Read via Chesterfield FC’s matchday programme
Chesterfield’s head of strength and conditioning Mal Purchase guided us through the weekly training schedule faced by players at the club.
“We start on a Monday. We’ll assess the players who’ve played and the ones who need a two day recovery will have a second day recovery of easy cycling, a bit of flexibility work – just all low key stuff for them. Then the ones who have come through the game unscathed, the endurance athletes who recover a bit quicker, will do a light session covering no more than 3,000 metres. Then the other group who didn’t play will do a tougher session, covering between 6,000 and 7,000 metres.
“We start up with a warm up; we do a lot of back mobility to start with. From the back mobility we get the bands out and do a lot of glute activation, a lot of core work and we do a lot of flexibility work and we do some light dynamics. We’ll go through some of the biomechanical movements and then they go into football training drills. Then we might have an afternoon in the gym doing some easy cycling again then we’ll get on to a lot of back mobility work, we’ll try and get the flexibility in there and at this time of the year you do get quite a few back problems because of the hard ground so we try and offset that with all the rehabilitation work we do.”
“Tuesday is usually a tough day. We’ll do a speed and agility session where we do a lot of sharp movements, I try and keep my movements pretty short because off the GPS data our sprints average out to between three and four seconds, no more than that, so I try and keep my speed and agility sessions short and sharp because that’s what we produce on the pitch; you’ve got to replicate what we do on the pitch in training. We keep them short and sharp and make sure they have plenty of rest so they can be really explosive in their drills.
“For the speed and agility session we’re concentrating on speed so I’m not really fatiguing them, I’m just working on the speed aspect so that’s why they’re getting plenty of rest so they can create the speed. Then we can go into small sided games, four vs. fours or seven vs. sevens and we get all of our fitness out of football. We measure our pitch sizes out for the number of players we’ve got to create the best working load. Then after we’ve done our football sessions we ‘ll do a bit of flexibility and a bit of core work in the afternoon on a Tuesday and we’ll take them in there for leg sessions and plyometric sessions.”
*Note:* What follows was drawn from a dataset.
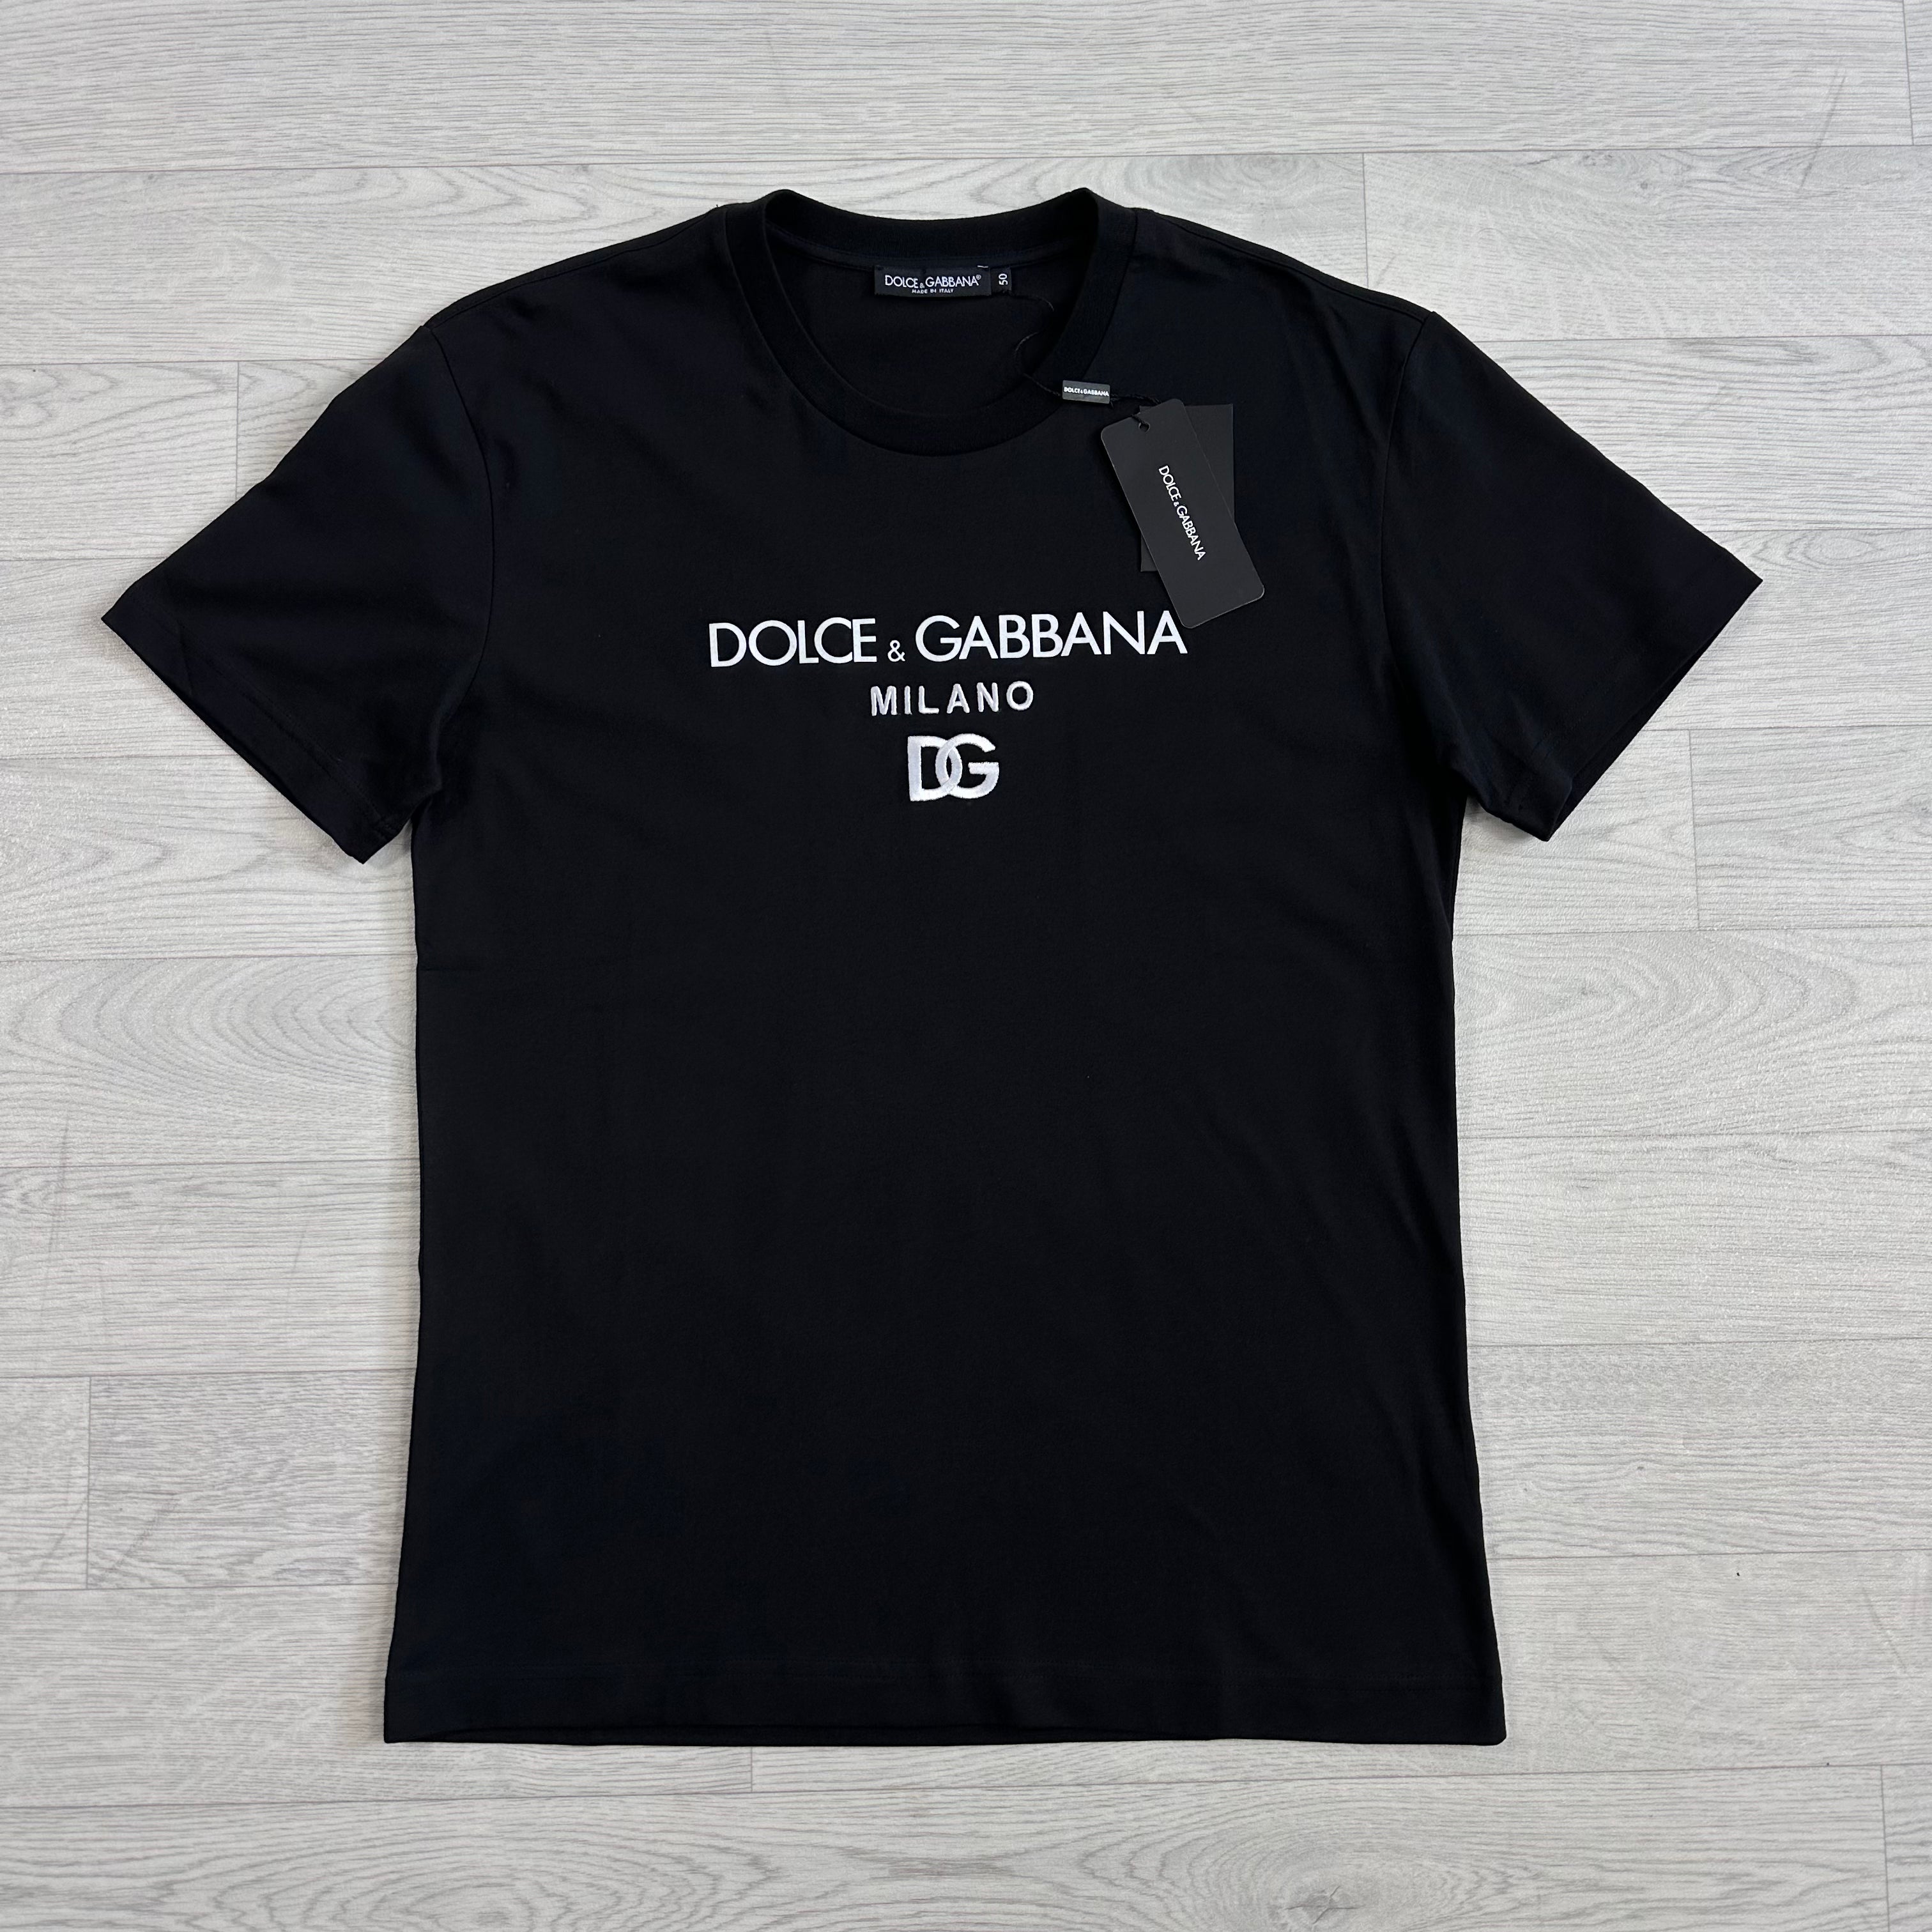 Milano T-shirt Black

“Wednesday is usually a recovery day.”
“On Thursday we’ll have a decent session but not quite as tough as a Tuesday on there and we’ll do some reaction work then, some visual reaction work, some command reaction work and with all our rehabilitation work we’ll do some Bosu ball work, stability work, pro perception and then we go into medium sized games and a bit of game shape. Thursday afternoon some of the lads will do some light upper body and core work again in the gym.”
“On Friday we usually do a short warm up then we’ll go into a small sided game then we’ll do a bit of game shape. It’s low key on Friday because we’re preparing for the game on Saturday and for the Saturday game we’re making sure the nutrition is right to start with, we make sure they’re loading up and obviously we play on a Saturday. It’s all about the food after they’ve trained and all about the compression – sometimes we’ll use fireflies as a compex machine where we get the blood flow going round to speed up recovery. We’ll have the protein shakes to make sure they’re eating properly.
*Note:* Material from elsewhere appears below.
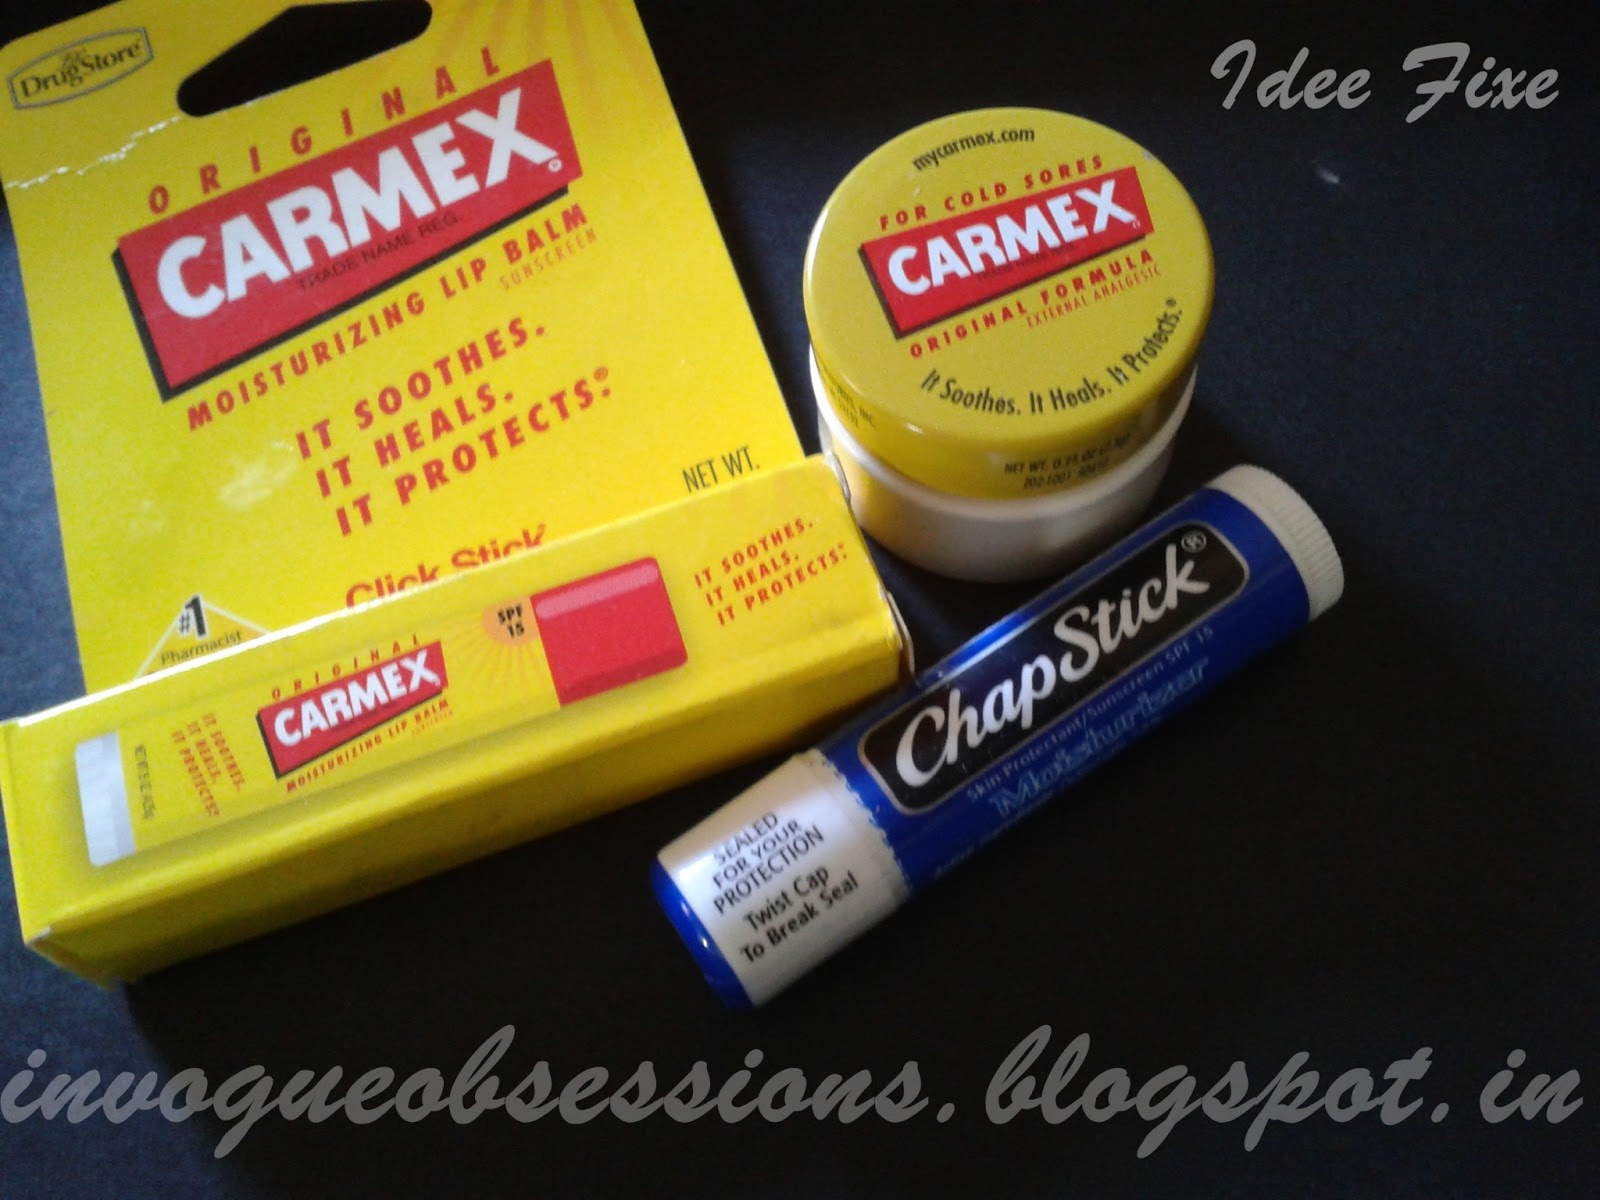 Carmex Original Formula Carmex Moisturizing Lip Balm Chapstick Moisturizer, Where to buy Carmex and Chapstick in India

“For me nutrition is massive. Nutrition is 70% of getting your body in shape and in football you can do everything you want to create the model professional footballer with all your conditioning but if you don’t put the right fuel in them, you can’t perform. You can give 100% effort every day but if you don’t have the right fuel in your body then you may only be able to give 85% performance, so nutrition is one of the things that has high priority on the list; the way they eat, portion sizes, the balance of proteins, good fats, carbohydrates, and all your loading phases through the week because you’ve got to load up on certain foods through the week so you get a good boost at the weekend.”
“We use Football Fuels, we use pre-match drinks, which have a small bit of whey isolate, creatine, guarana, beta-alanine, and they’ve got the beetroot extract, sodium citrate and fructose/sucrose balance. Then we have half time energy gels and we have a post-match recovery drink. It’s all about fuelling, you can’t give 100% performance if the fuel isn’t in your body and every time you train if you don’t refuel properly or don’t fuel before you train you’re risking yourself injury, you’re costing the club because you can’t play because of your bad eating habits so that’s why we’re on top of it all the time.
“I’m looking at a 20 point recovery plan after they’ve played so if they tick all those boxes, they’re more likely to come back on Sunday morning or Monday morning in good shape. If they’ve had a game on Saturday we’ll get them in the swimming pool on Sunday for a recovery session with a lot of mobility movements in then the lads who didn’t play have a normal training session and that’s the full week.”